- Venue: Cesana San Sicario
- Dates: 23 February 2006
- Competitors: 72 from 18 nations
- Winning time: 1:16:12.5

Medalists
- 1st place, gold medalist(s):  / Anna Bogaliy Svetlana Ishmouratova Olga Zaitseva Albina Akhatova / Russia
- 2nd place, silver medalist(s):  / Martina Glagow Andrea Henkel Katrin Apel Kati Wilhelm / Germany
- 3rd place, bronze medalist(s):  / Delphyne Peretto Florence Baverel-Robert Sylvie Becaert Sandrine Bailly / France

= Biathlon at the 2006 Winter Olympics – Women's relay =

The Women's 4 × 6 kilometre biathlon relay competition at the 2006 Winter Olympics in Turin, Italy was held on 23 February, at Cesana San Sicario.
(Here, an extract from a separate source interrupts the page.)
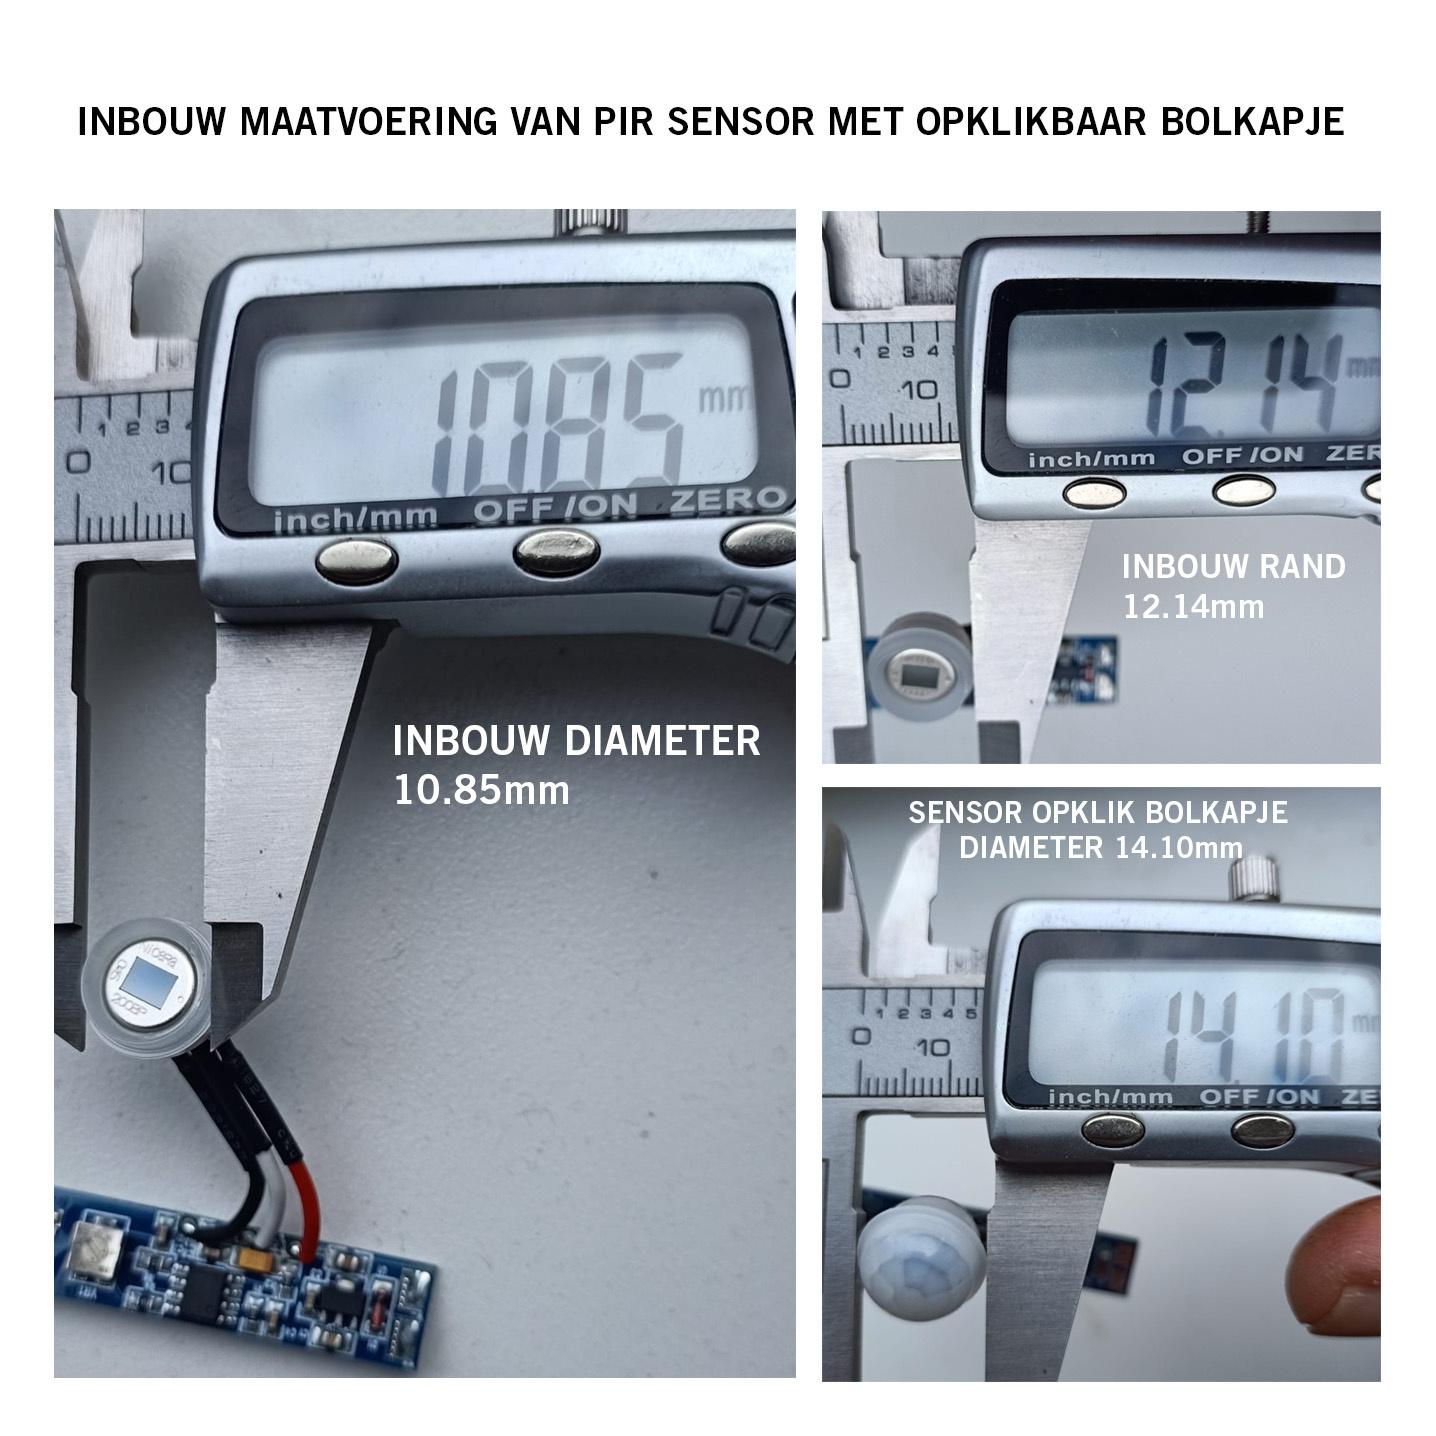 LED PIR bewegingssensor <=2m | 6~70s | 8A 12V-24V | inbouw ledprofiel

Each national team consisted of four members, with each skiing 6 kilometres and shooting twice, once prone and once standing.

==Summary==
At each shooting station, a competitor has eight shots to hit five targets; however, only five bullets are loaded in a magazine at one - if additional shots are required, the spare bullets must be loaded one at a time. If after the eight shots are taken, there are still targets not yet hit, the competitor must ski a 150-metre penalty loop.
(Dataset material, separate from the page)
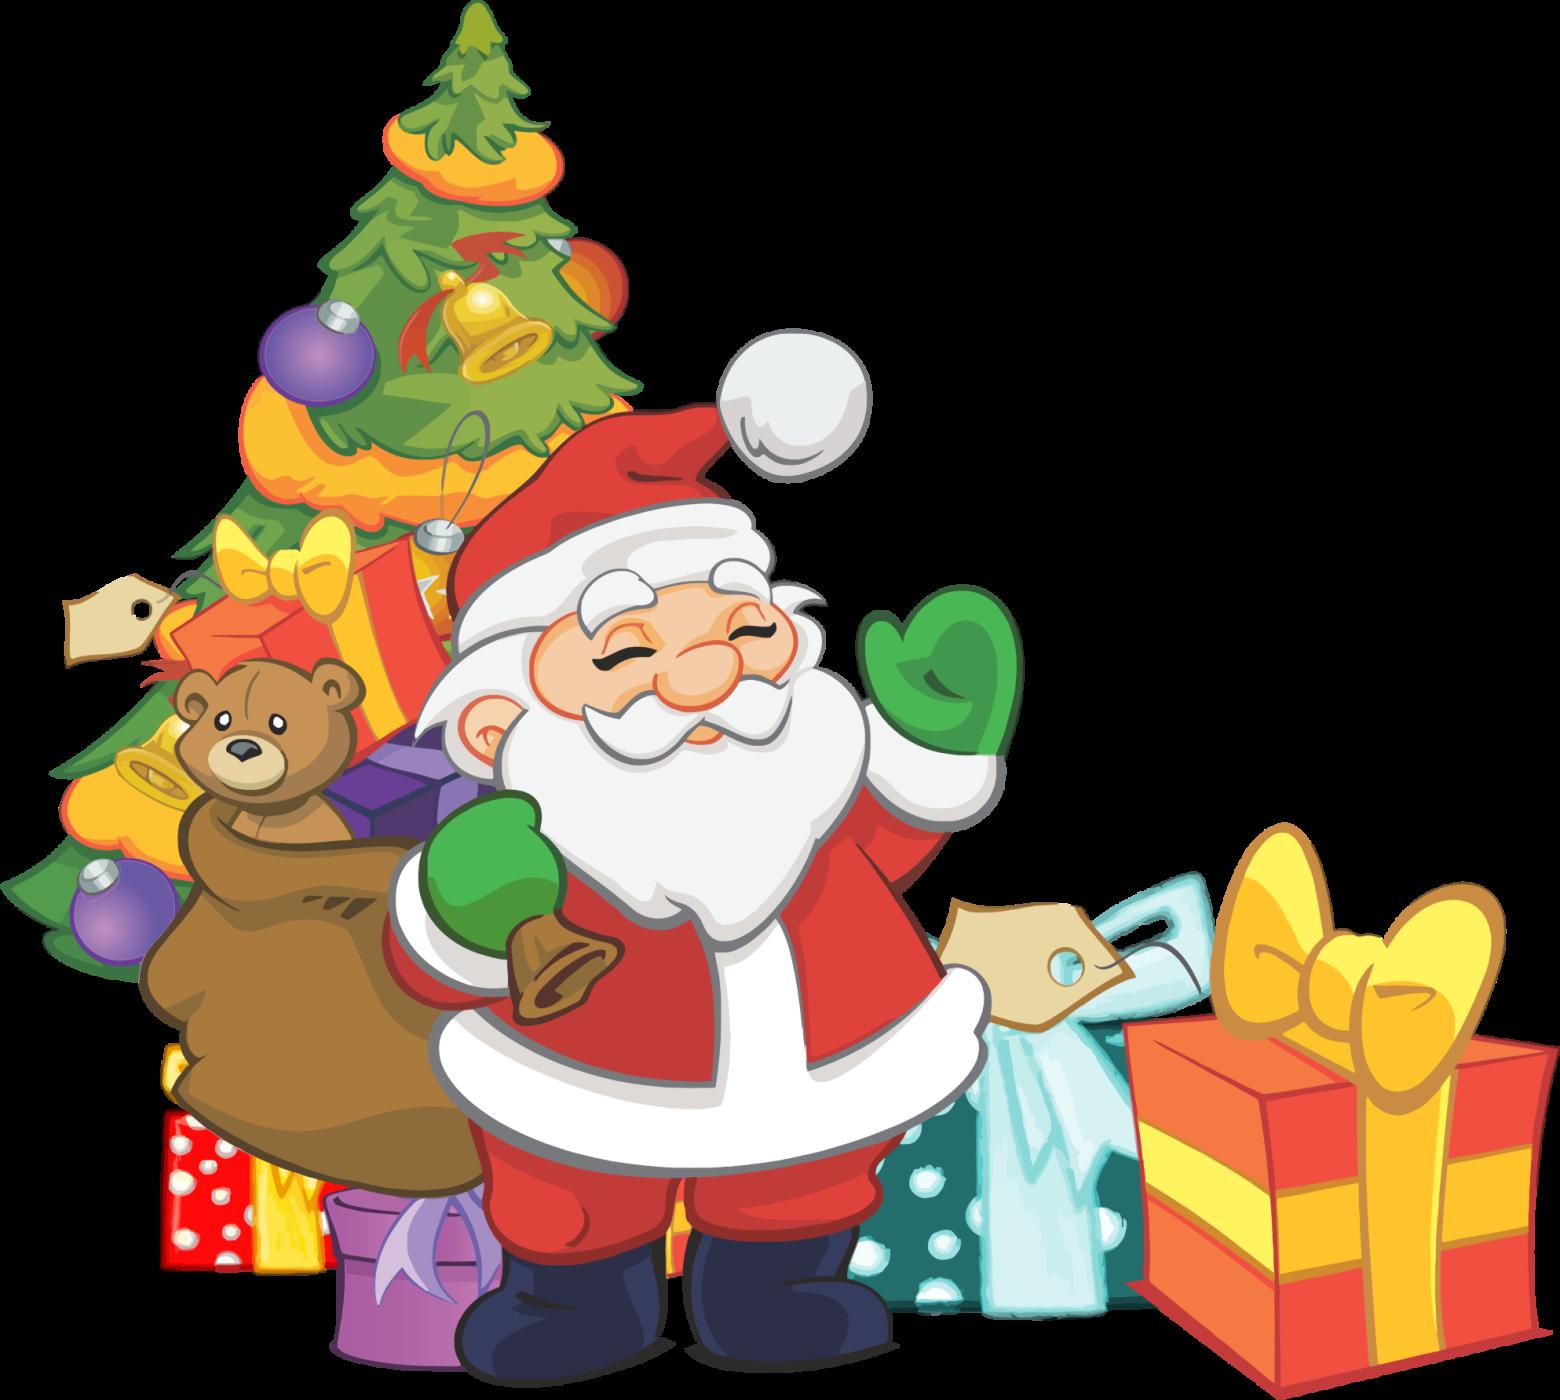 clipart père noel sapin jouet cadeaux | images gratuites ...

Germany won the relay event at the 2002 Winter Olympics, while Russia's women were the defending World Champions after beating Germany by 41.4 seconds at the 2005 World Championship; Russia also led the World Cup standings after four relay events.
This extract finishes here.